August 21, 2014

Chicago Mix, fresh from Minnesota???

Candyland, a small chain of candy stores in Minnesota, holds the federal trademark registration for CHICAGO MIX, which it uses for its mixture of salted, caramel, and cheese-flavored popcorn. (The trademark registration issued in 1992 and states a first use date of 1990, although Candyland's owner claims the company has used it since 1988. Interestingly, Candyland does not appear to claim any trademark rights in CANDYLAND, a mark which happens to be owned by Hasbro, Inc.)
Unfortunately for the Minnesota Candyland, many other companies also use CHICAGO MIX or related terms to describe their similar products, including Chicago-based Garrett Popcorn Shops, which claims to have been selling CHICAGO MIX popcorn "for decades" (and therefore, presumably, before Candyland acquired its trademark rights). (Garrett's CHICAGO MIX omits the salted popcorn, combining only caramel and cheese-flavored popcorn. It would be interesting to compare them side-by-side, but Garrett's popcorn is best eaten fresh from the store, and I imagine the same is true for Candyland's.)
Ironically, Candyland's own website contains a long list of competitors that use CHICAGO MIX or related terms. It's easy to find many more that aren't on Candyland's list (e.g., Utz Chicago-Style, Nuts on Clark Chicago Mix, Popcornopolis Chicago Style, Brooklyn Popcorn Chicago Mix, Popcorn Haven Chicago Style, The Popcorn Fanatic Chicago Mix, Popcorn Palace Chicago Chic, Great American Popcorn Chicago Mix, Popilicious Chicago Mix, Pittsburgh Popcorn Chicago Blend, Kettle Boys Chicago Mix, and Chicago Gold Popcorn Windy City Mix). It seems to me that CHICAGO MIX is likely a generic term for a mixture that includes caramel and cheese-flavored popcorn. The CHICAGO MIX term is widely used around the country, but I wonder how many people outside Minnesota have ever heard of Candyland.
Candyland recently filed lawsuits against Garrett's and two other companies (Snyder's-Lance and Cornfields) for infringing upon its CHICAGO MIX trademark. (One of the allegations in the lawsuit is that Garrett's use of the CHICAGO MIX mark is likely to deceive consumers as to the origin of Garrett's popcorn, apparently making them think that CHICAGO MIX popcorn comes from Chicago rather than Minnesota.)

June 18, 2014

Get your cheap Redskins gear here!

The Trademark Trial and Appeal Board of the U.S. Patent and Trademark Office today canceled the Washington Redskins' trademark registration, on the grounds that the name is disparaging to Native Americans. The NFL is expected to appeal the order in court, and if they lose (and perhaps even if they don't), the team may eventually adopt a new name.

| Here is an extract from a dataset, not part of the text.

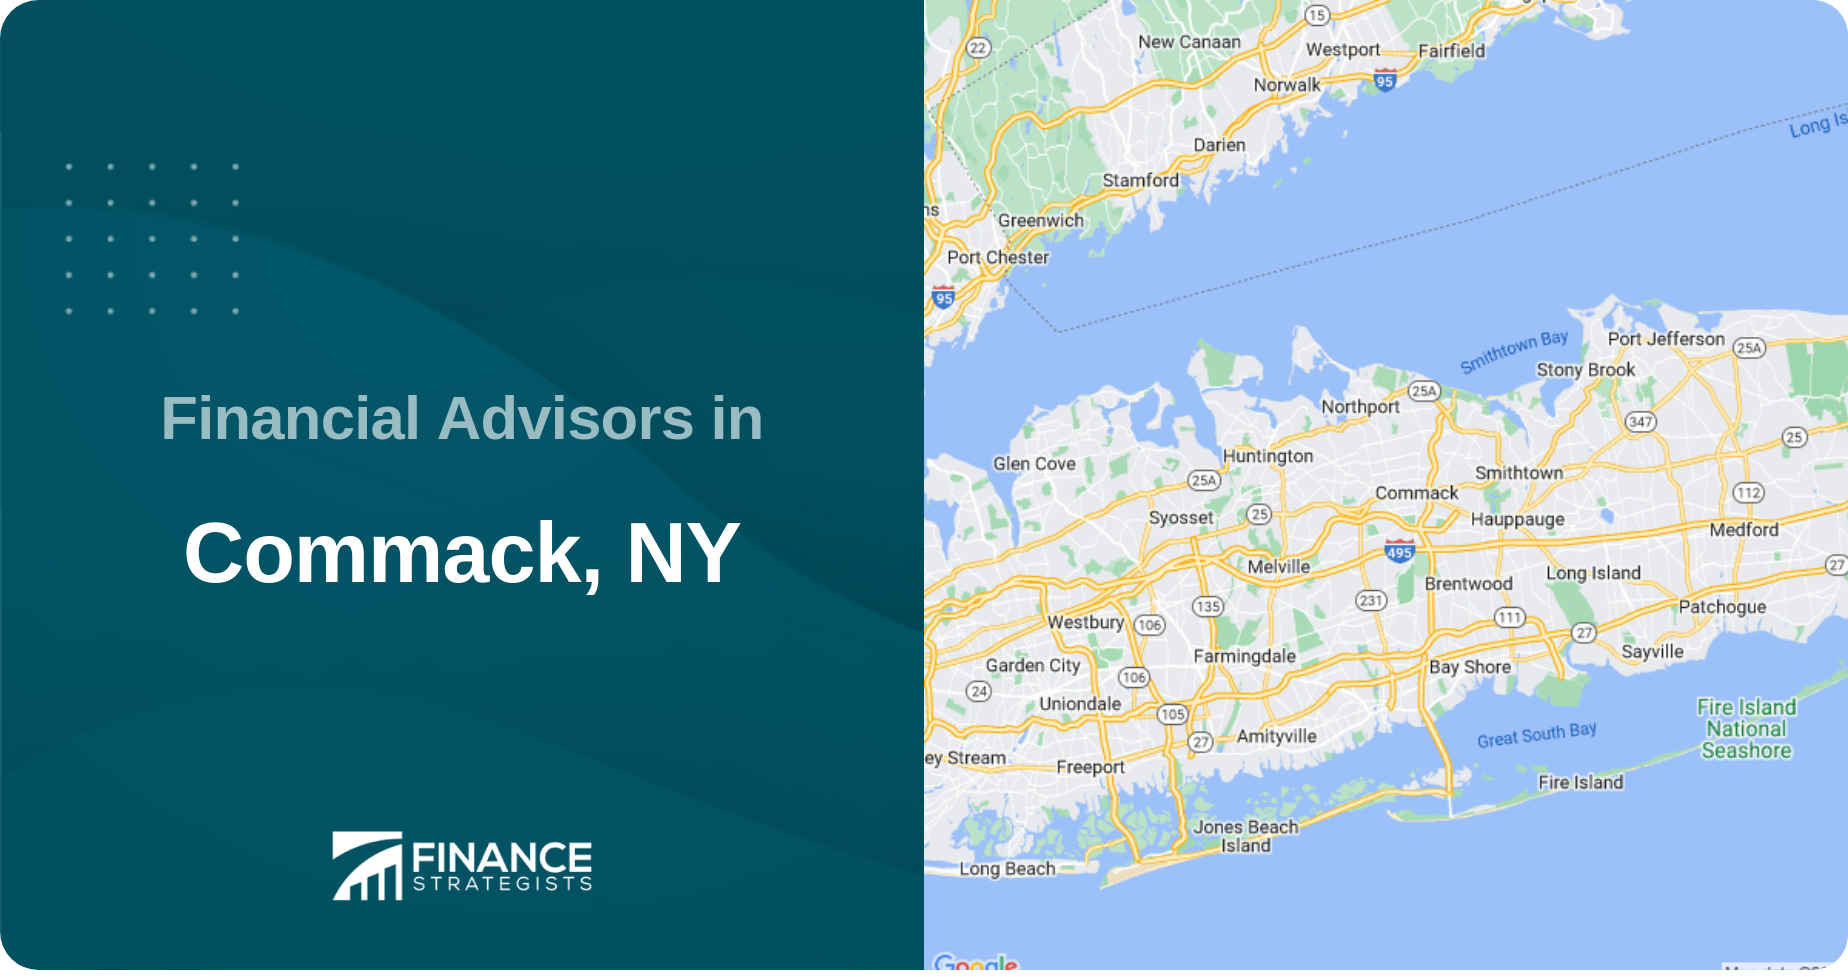 Financial Advisors in Commack, NY
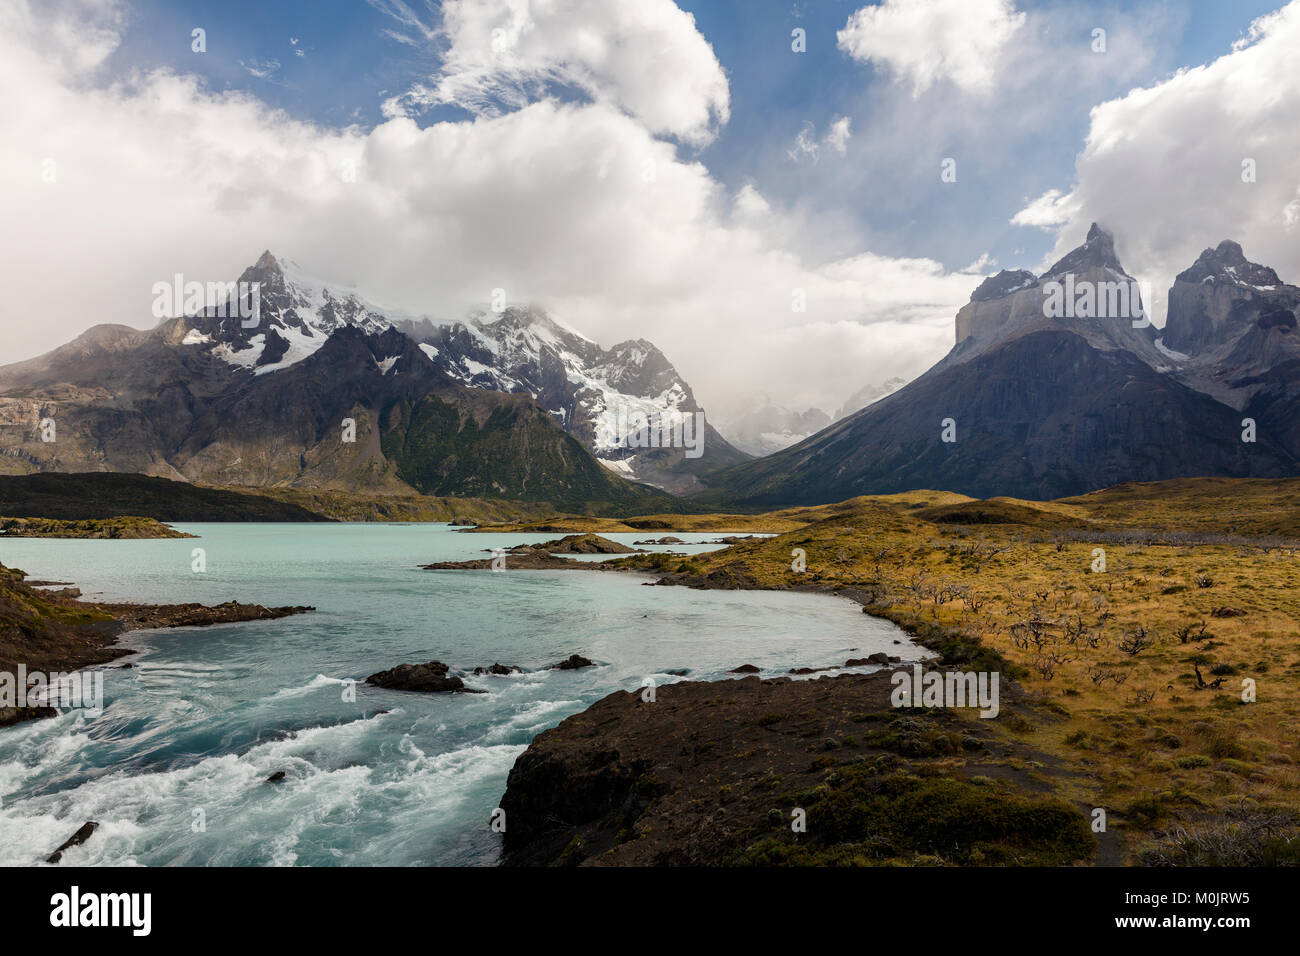 Cuernos del Paine les montagnes avec des glaciers, de la rivière Rio Paine Parc National Torres del Paine, Région de Magallanes et l'Antarctique, Chili Banque D'Images

In the meantime, however, what this means is that anyone can freely use the Redskins name and logo without paying royalties or getting permission from the NFL. As a result, I think we're likely to see a glut of bootleg Redskins apparel -- including items that the NFL would never have approved, some of which will probably be much more disparaging than the name itself. (Granted, some of the most outrageous items might have been permissible as parodies anyway.)

April 17, 2014

Top-secret cereal arbitration

General Mills recently revised the terms posted on its website, adding a provision that requires disputes between consumers and the company to be brought in binding arbitration. The interesting part is this: The arbitration provision says it applies to "all disputes or claims arising out of this Agreement or your purchase or use of any General Mills product or service for personal or household use." In other words, if you want to sue General Mills because there weren't enough marshmallows in your Lucky Charms, you have to bring the claim in arbitration rather than in court (assuming that the amount of your claim exceeds the small claims court maximum -- and if you're really going to sue over something like this, you might as well aim high).

The New York Times is understandably troubled by this -- see When 'Liking' a Brand Online Voids the Right to Sue -- but the requirement to arbitrate doesn't bother me nearly as much as the confidentiality provision:
Any arbitration will be confidential, and neither you nor General Mills may disclose the existence, content, or results of any arbitration, except as may be required by law or for purposes of enforcement of the arbitration award.
That strikes me as overreaching and contrary to public policy.  It's common for companies to agree that they will keep arbitration proceedings confidential (in many cases, including financial service providers, they're probably required to do so anyway), but prohibiting a consumer from disclosing information about the dispute is a very bad idea, and one that seems likely to backfire.

Update (4/21/14): General Mills has retracted the policy.

March 05, 2014

Some of Netflix's best customers are pirates

TorrentFreak is reporting that Netflix has thousands of paying subscribers in Australia. Since Netflix doesn't allow Australians to access its service, these folks are accessing Netflix via VPNs and similar services to conceal their location, paying monthly subscription fees to both Netflix and (in most instances) a VPN service as well.

TV networks are calling these people "pirates," but perhaps a more accurate term would be "customers."